I can totally see Carla's point, as this was ME up until a few weeks ago, but the realisation I could potentially be having the same conversation with my son until he leaves home, combined with my own bedroom based demons, made me come to the conclusion that life – and my son's childhood – is just too short to be rowing over a floor full of battle droids or a dismantled Ninjago Rattlecopter.

And I want him to feel his room IS his, not just a room in MY house (as I was often told) and I want him to feel he has some control and freedom in there.

Although having said that, I have paid heed to a warning Lizzie gave me: despite her current laid back attitude to her own son, she had some sage words of advice based on her experiences with another child - her older stepson.

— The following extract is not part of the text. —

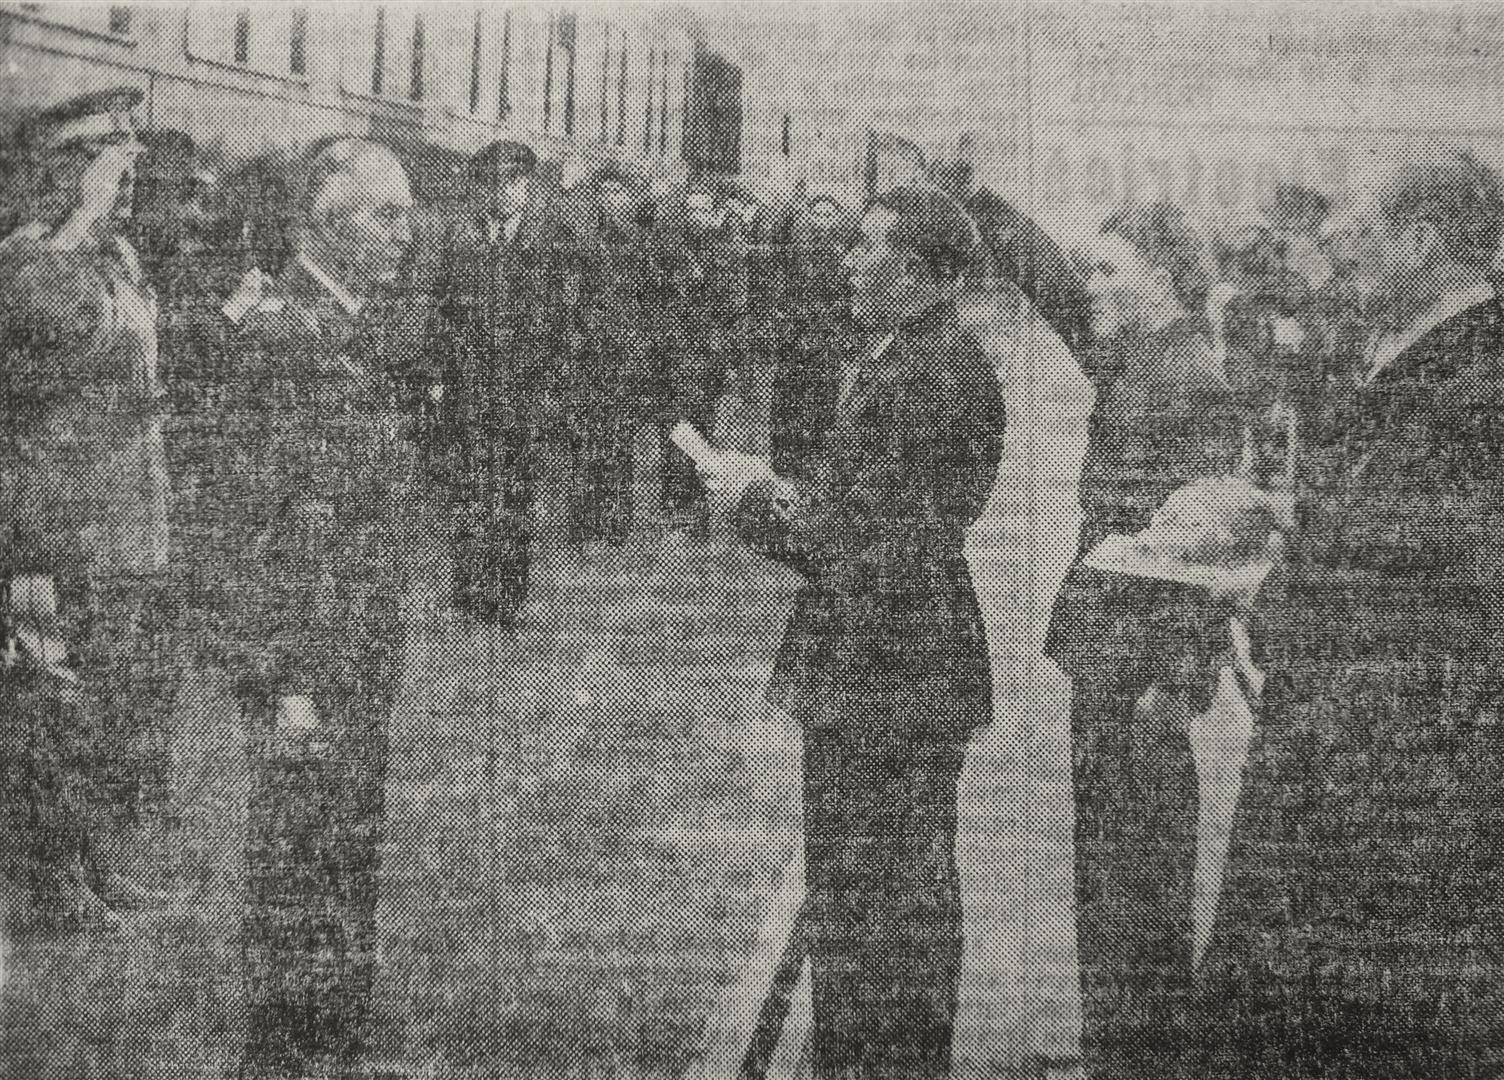 Întâmpinarea generalului Ion Antonescu cu pâine şi sare de către Aurel Bozdoc, primarul oraşului Alba Iulia.

"His room maintenance was left entirely to him when he turned 12," she said, "I mucked out the worst bits, but when he finally moved out entirely and we cleared the room I found old pairs of underpants under the bed labelled '12yrs'. So the leave them to it rule can lead to some creative ways of hiding the mess..."

Noted...

What do you think?

Do you insist on a spick and span bedroom, or do you leave your kids to their own devices within certain parameters?

And do you base your decision on your own mum's attitude to bedroom tidying?